» WHAT YOU WILL DO: What you hand back must match the records word for word, with no pictures.

Entries taken from a collection
▼▼▼
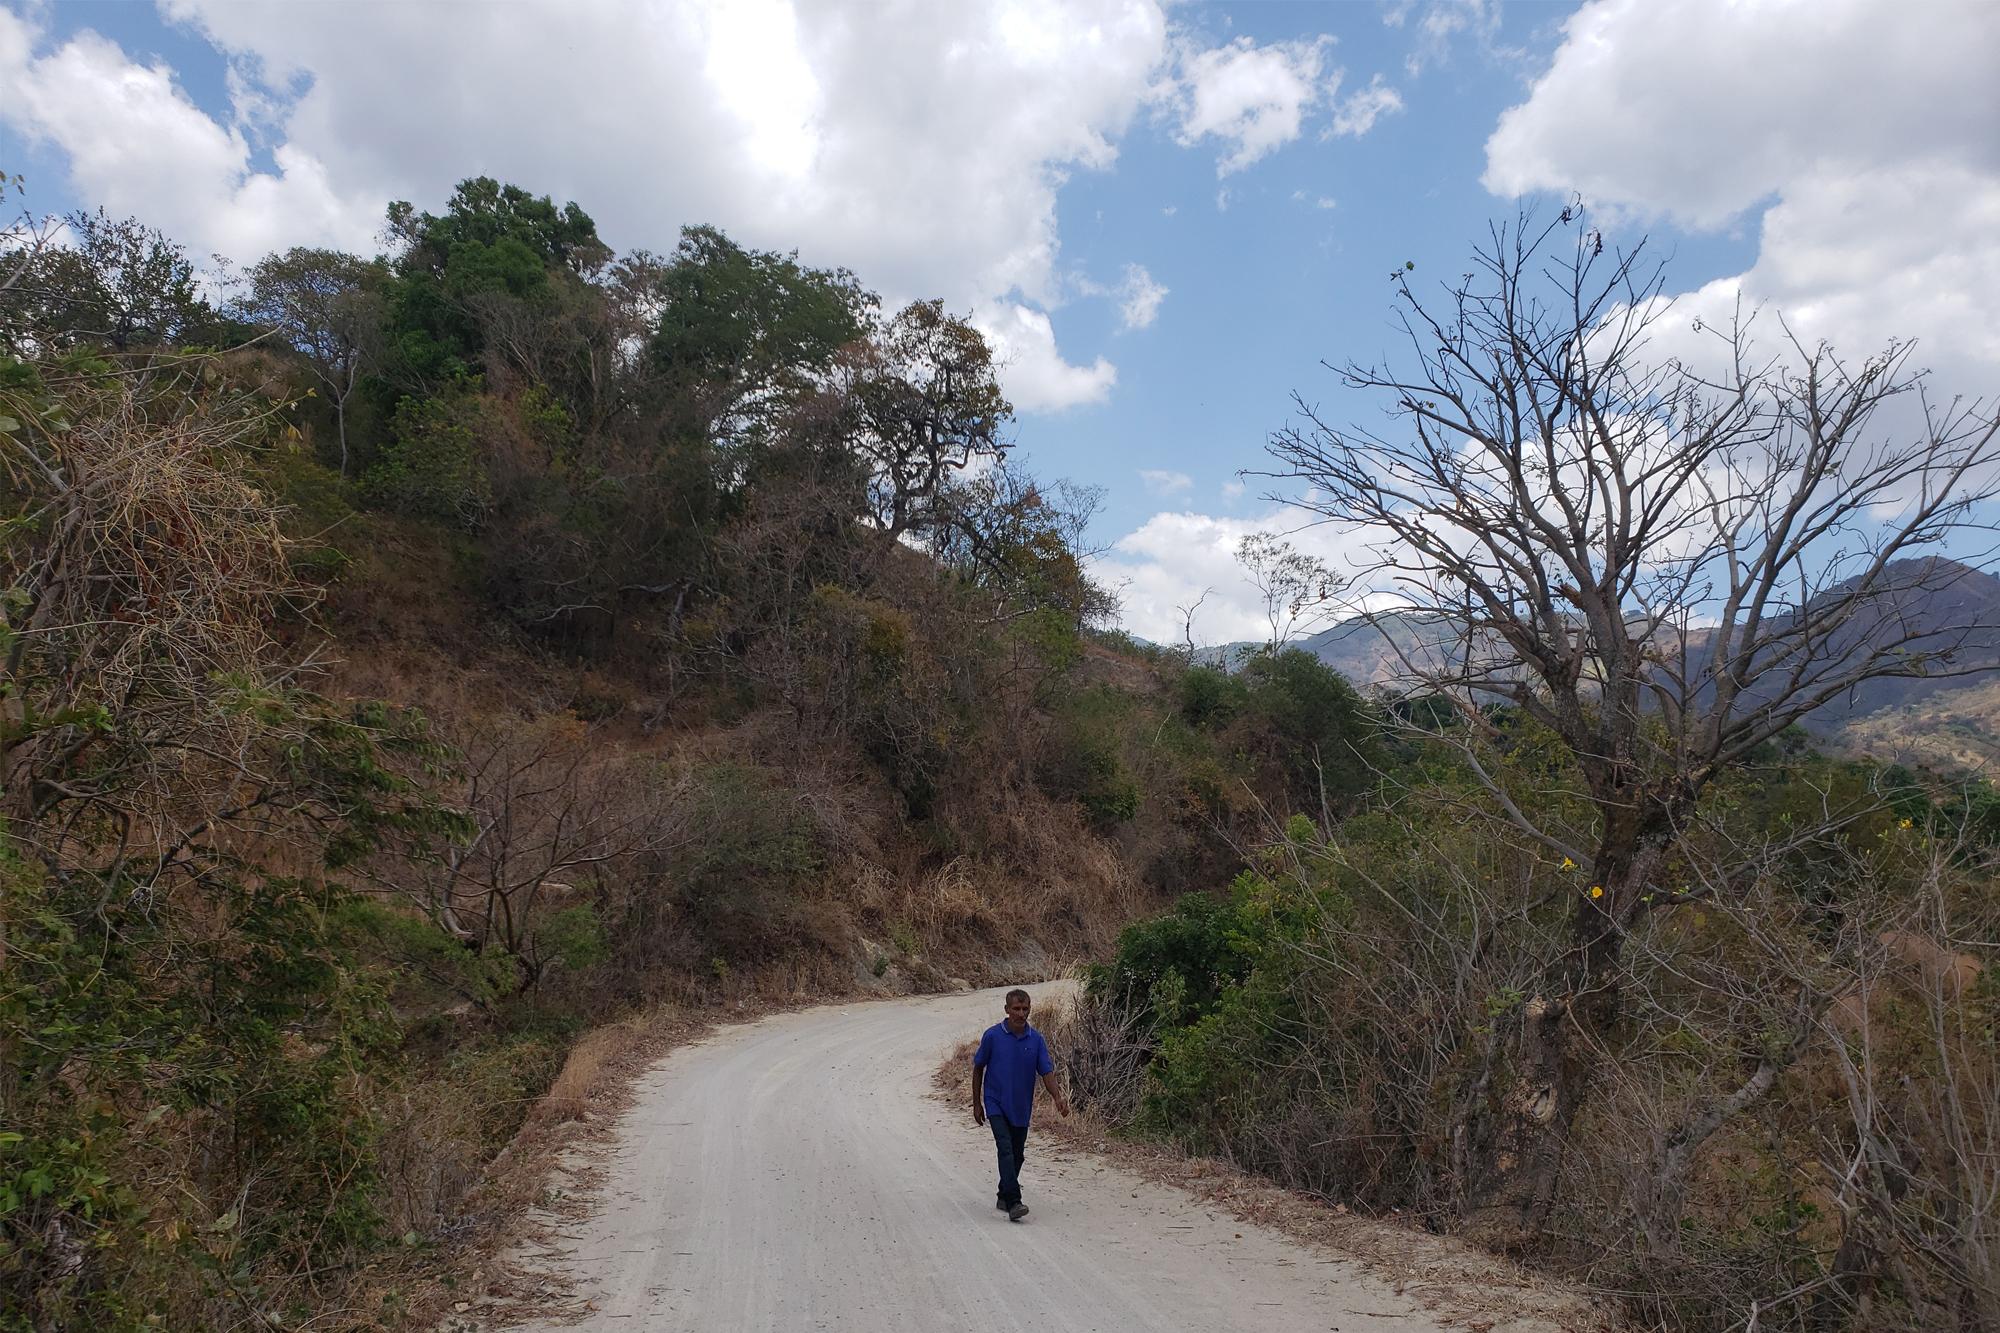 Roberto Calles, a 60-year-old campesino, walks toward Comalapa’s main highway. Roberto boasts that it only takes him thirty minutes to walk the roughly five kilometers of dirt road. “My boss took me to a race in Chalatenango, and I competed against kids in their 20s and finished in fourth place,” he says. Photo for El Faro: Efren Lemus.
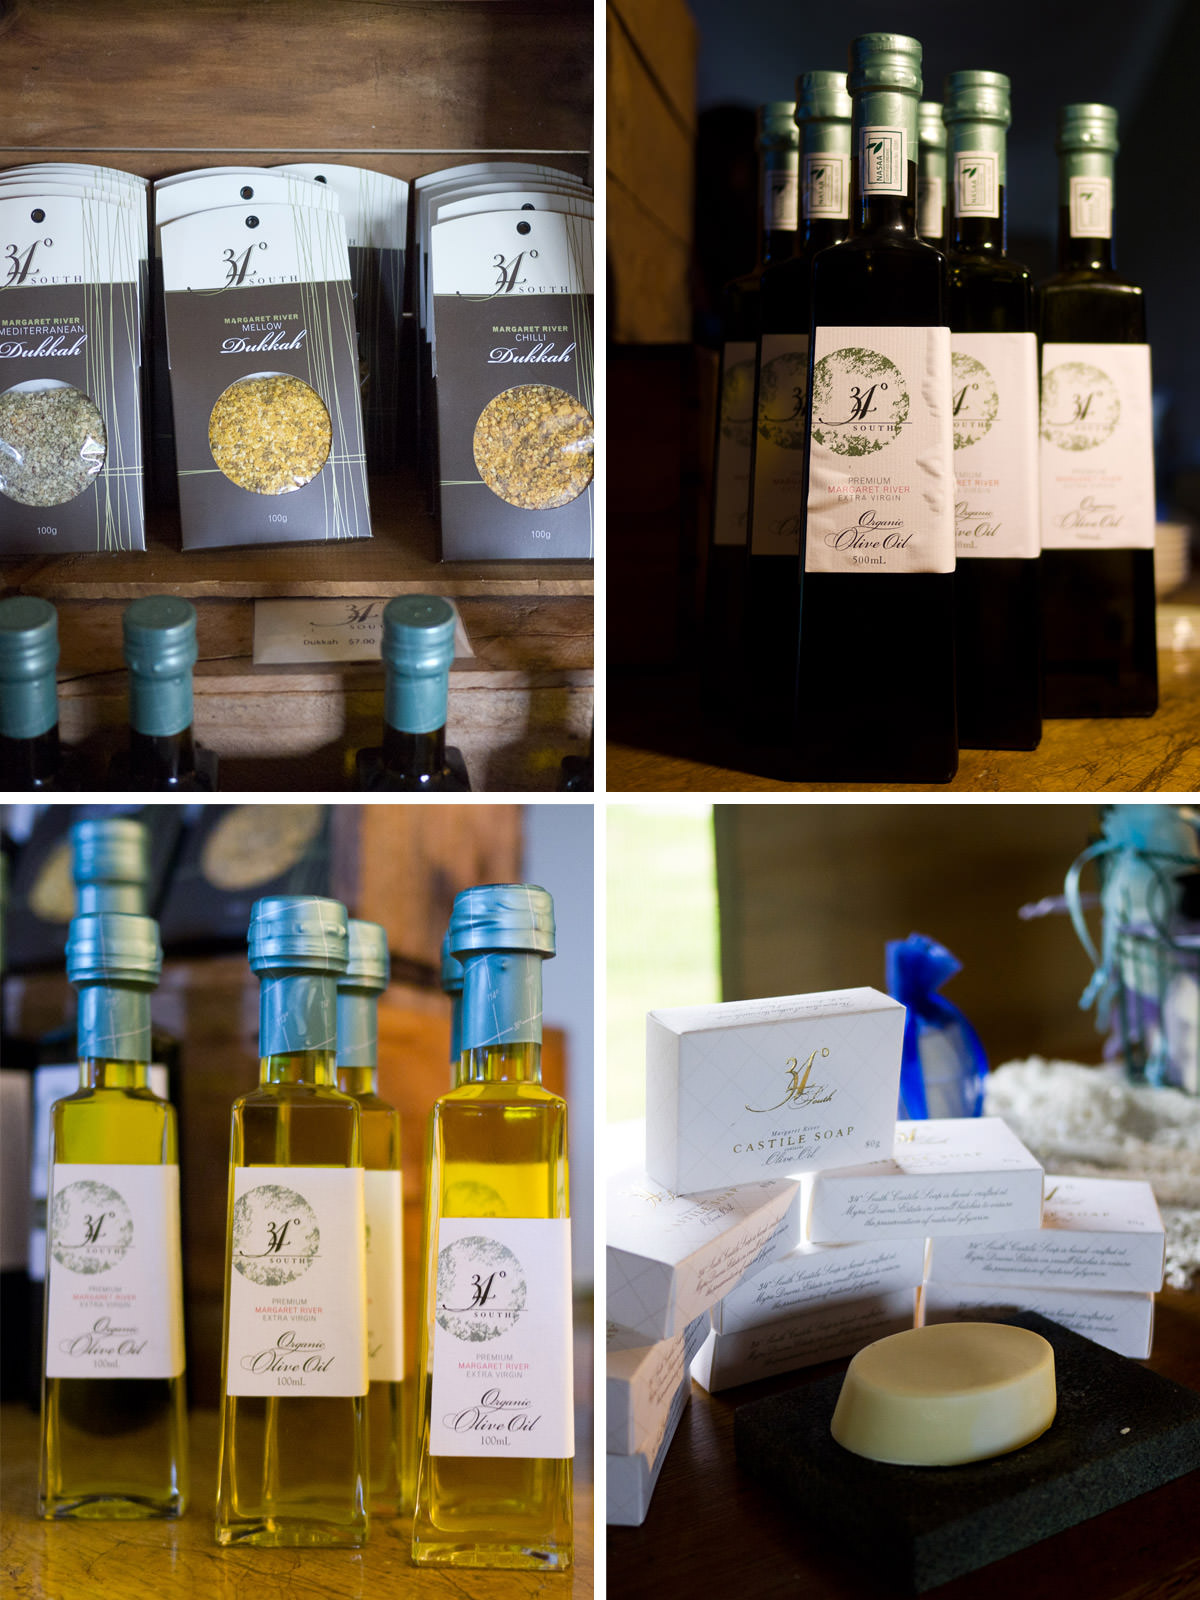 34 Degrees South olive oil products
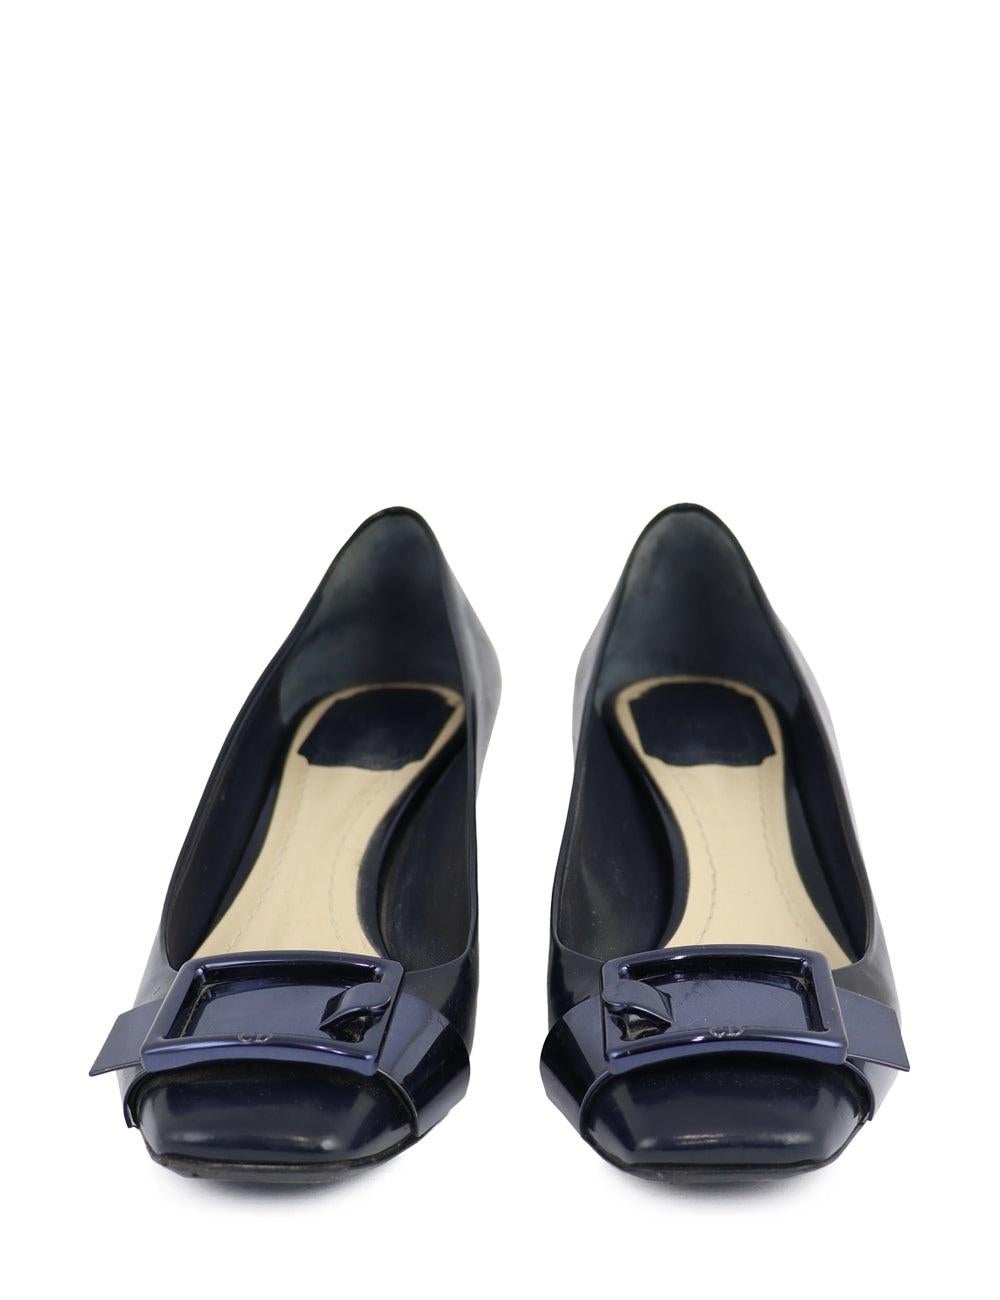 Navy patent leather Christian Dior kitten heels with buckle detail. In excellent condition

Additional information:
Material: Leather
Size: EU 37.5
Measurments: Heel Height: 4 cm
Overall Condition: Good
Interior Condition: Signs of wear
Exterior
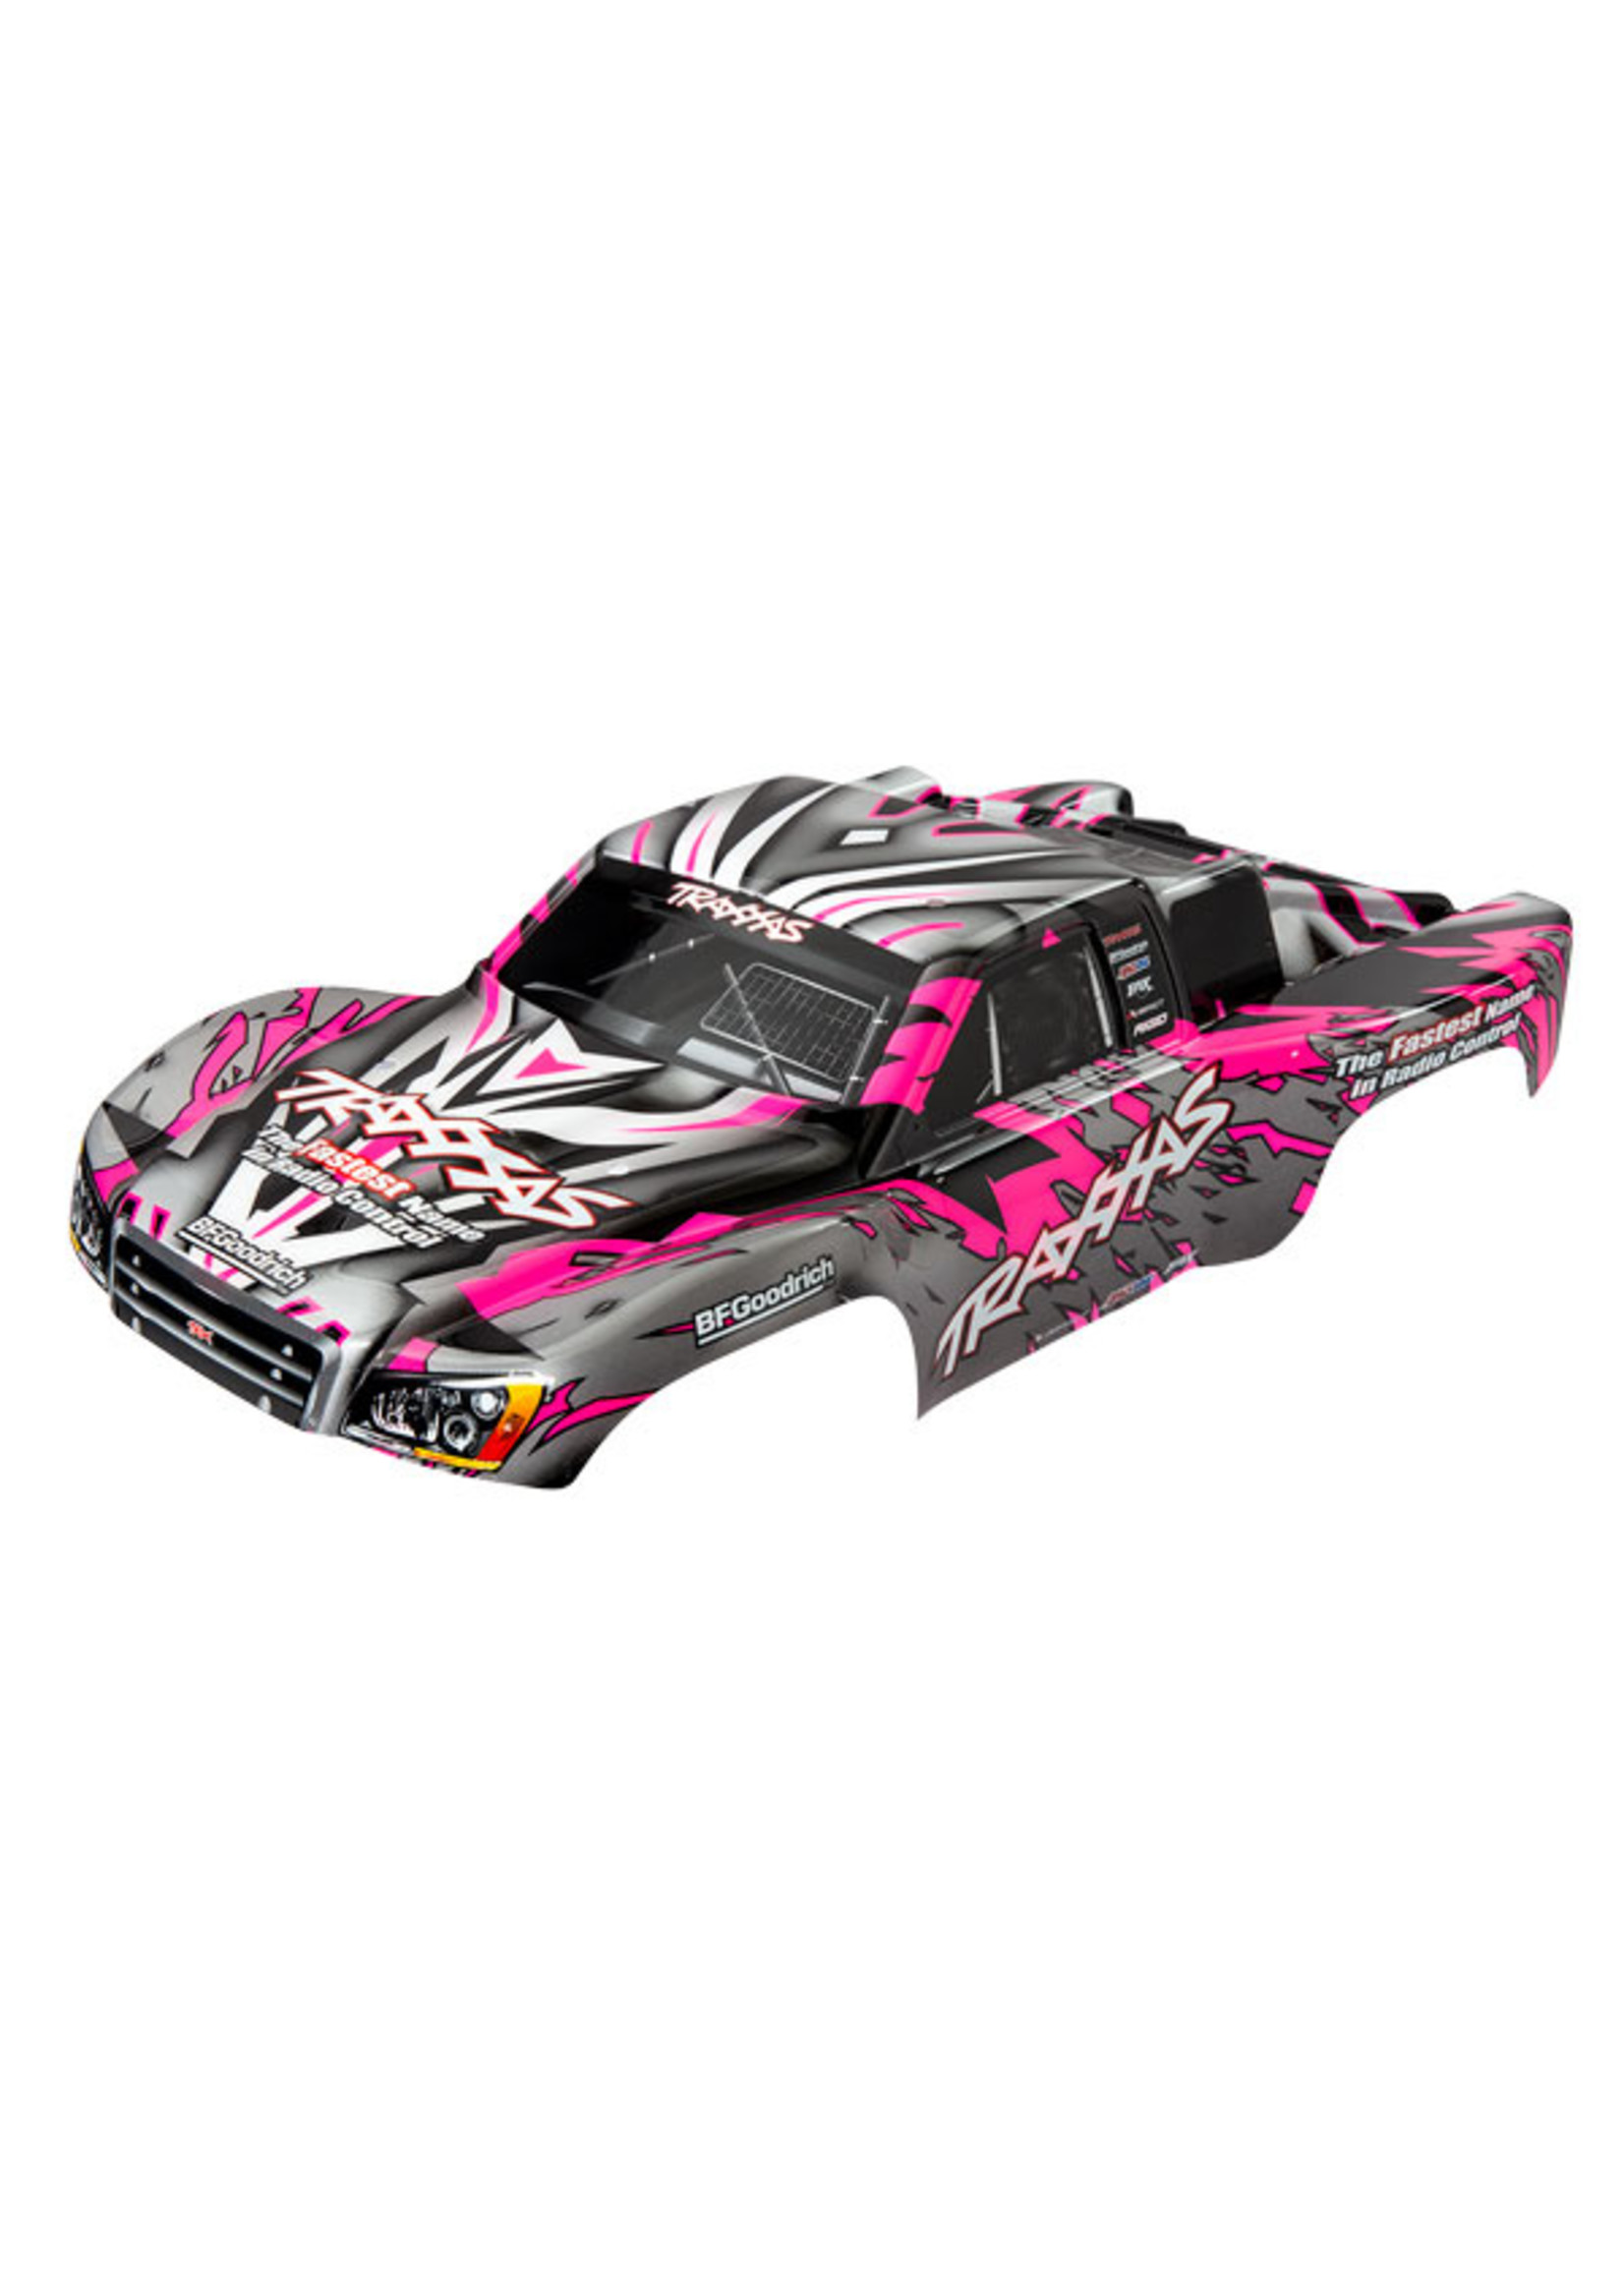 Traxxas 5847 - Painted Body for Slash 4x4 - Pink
▲▲▲
» COMPLETED EXERCISE:
 Roberto Calles, a 60-year-old campesino, walks toward Comalapa’s main highway. Roberto boasts that it only takes him thirty minutes to walk the roughly five kilometers of dirt road. “My boss took me to a race in Chalatenango, and I competed against kids in their 20s and finished in fourth place,” he says. Photo for El Faro: Efren Lemus.
 34 Degrees South olive oil products
 Navy patent leather Christian Dior kitten heels with buckle detail. In excellent condition

Additional information:
Material: Leather
Size: EU 37.5
Measurments: Heel Height: 4 cm
Overall Condition: Good
Interior Condition: Signs of wear
Exterior
 Traxxas 5847 - Painted Body for Slash 4x4 - Pink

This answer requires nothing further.